Floating point conversions support decimal values and scientific notation. Converting a floating point field to an integral type is rejected. Loss of floating point precision is not currently checked.

        CSVField euler("2.718");
        REQUIRE(euler.get<>() == "2.718");
        REQUIRE(euler.get<csv::string_view>() == "2.718");
        REQUIRE(euler.get<float>() == Catch::Approx(2.718f));
        REQUIRE(euler.get<double>() == Catch::Approx(2.718));
        REQUIRE(internals::is_equal(euler.get<long double>(), 2.718L));
 
        float float_out = 0;
        REQUIRE(euler.try_get(float_out));
        REQUIRE(float_out == Catch::Approx(2.718f));
 
        double double_out = 0;
        REQUIRE(euler.try_get(double_out));
        REQUIRE(double_out == Catch::Approx(2.718));
 
        long double long_double_out = 0;
        REQUIRE(euler.try_get(long_double_out));
        REQUIRE(long_double_out == Catch::Approx(2.718l));
 
        int int_out = 0;
        REQUIRE_FALSE(euler.try_get(int_out));

Scientific notation

Scientific notation is classified as CSV_DOUBLE and can be materialized through csv::CSVField::get() or csv::CSVField::try_get() with a floating point target. Malformed scientific notation is classified as CSV_STRING.

Supported E-notation may use e or E; the exponent sign is optional, and leading zeroes in the exponent are accepted. Whitespace may surround the field, but not split the exponent marker from its exponent.

    REQUIRE(data_type("1E-06") == DataType::CSV_DOUBLE);
    REQUIRE(internals::is_equal(CSVField("1E-06").get<long double>(), 0.000001L));
    REQUIRE(internals::is_equal(CSVField("-1.5E3").get<long double>(), -1500.0L));
    REQUIRE(internals::is_equal(CSVField("+1.5e+003").get<long double>(), 1500.0L));
 
    REQUIRE(data_type("1E -06") == DataType::CSV_STRING);
    REQUIRE(data_type("1.5e") == DataType::CSV_STRING);

Decimal separators

csv::CSVField::try_parse_decimal() exists for CSV files that use a decimal separator other than .. This is commonly needed for comma-decimal values such as 3,14. It produces a long double and keeps the normal field classification visible on the CSVField.
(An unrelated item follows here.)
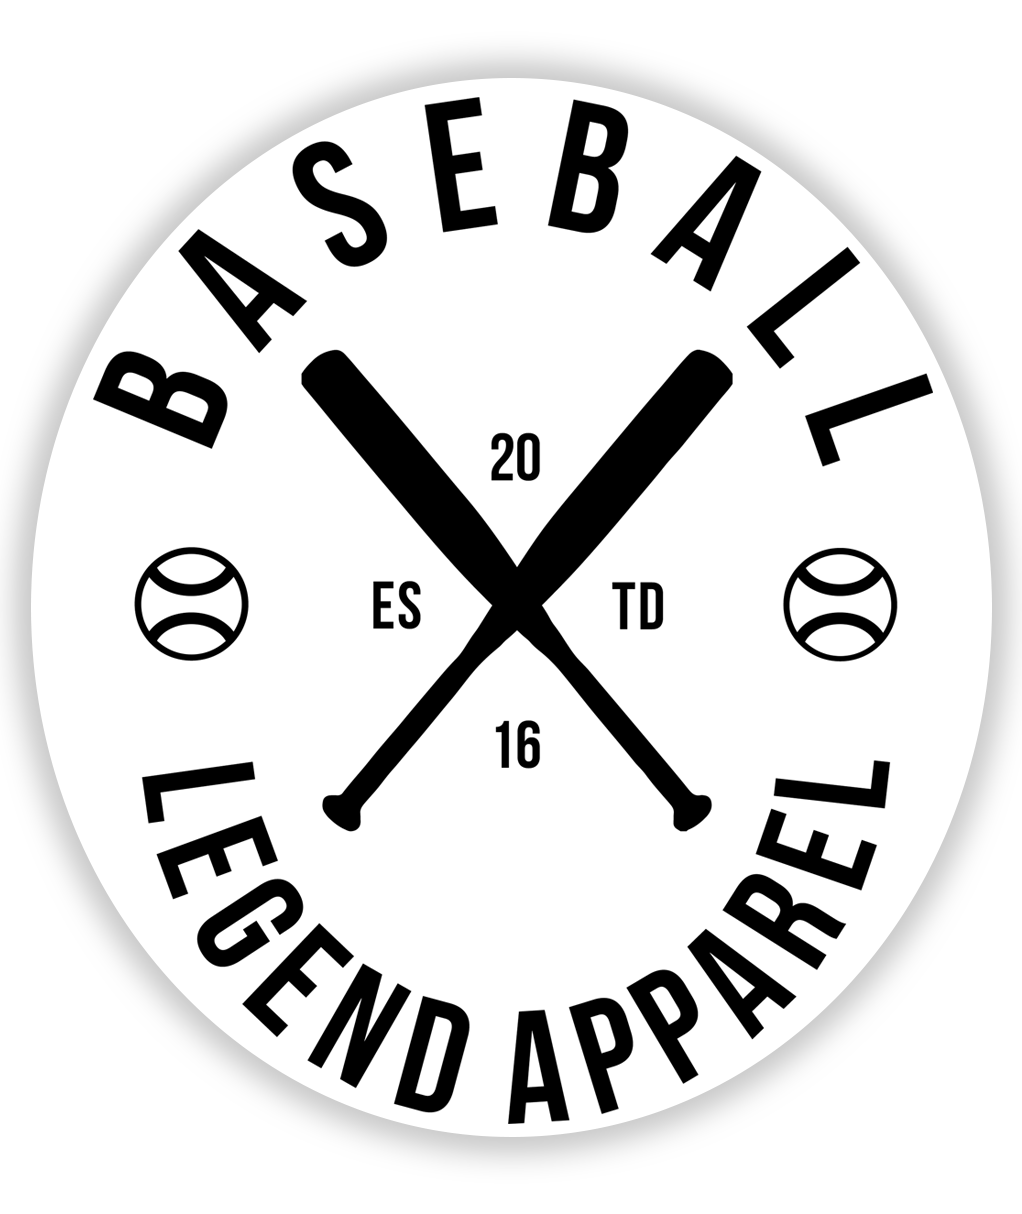 Brand Sticker - Baseball Legend Apparel

    SECTION("Test try_parse_decimal() with non-numeric value") {
        long double output = 0;
        std::string input = "stroustrup";
        CSVField testField(input);
 
        REQUIRE(testField.try_parse_decimal(output, ',') == false);
        REQUIRE(testField.type() == DataType::CSV_STRING);
    }
 
    SECTION("Test try_parse_decimal() with integer value") {
        long double output = 0;
        std::string input = "2024";
        CSVField testField(input);
 
        REQUIRE(testField.try_parse_decimal(output, ',') == true);
        REQUIRE(testField.type() == DataType::CSV_INT16);
        REQUIRE(internals::is_equal(output, 2024.0l));
    }
 
    SECTION("Test try_parse_decimal() with various valid values") {
        std::string input;
        long double output = 0;
        long double expected = 0;
 
        std::tie(input, expected) =
            GENERATE(table<std::string, long double>(
                csv_test::FLOAT_TEST_CASES));
 
        // Replace '.' with ','
        std::replace(input.begin(), input.end(), '.', ',');
 
        CSVField testField(input);
 
        REQUIRE(testField.try_parse_decimal(output, ',') == true);
        REQUIRE(testField.type() == DataType::CSV_DOUBLE);
        REQUIRE(internals::is_equal(output, expected));
    }

Booleans

Boolean conversion is deliberately narrow. true and false are accepted case-insensitively. Numeric values such as 1 are not implicitly converted to true.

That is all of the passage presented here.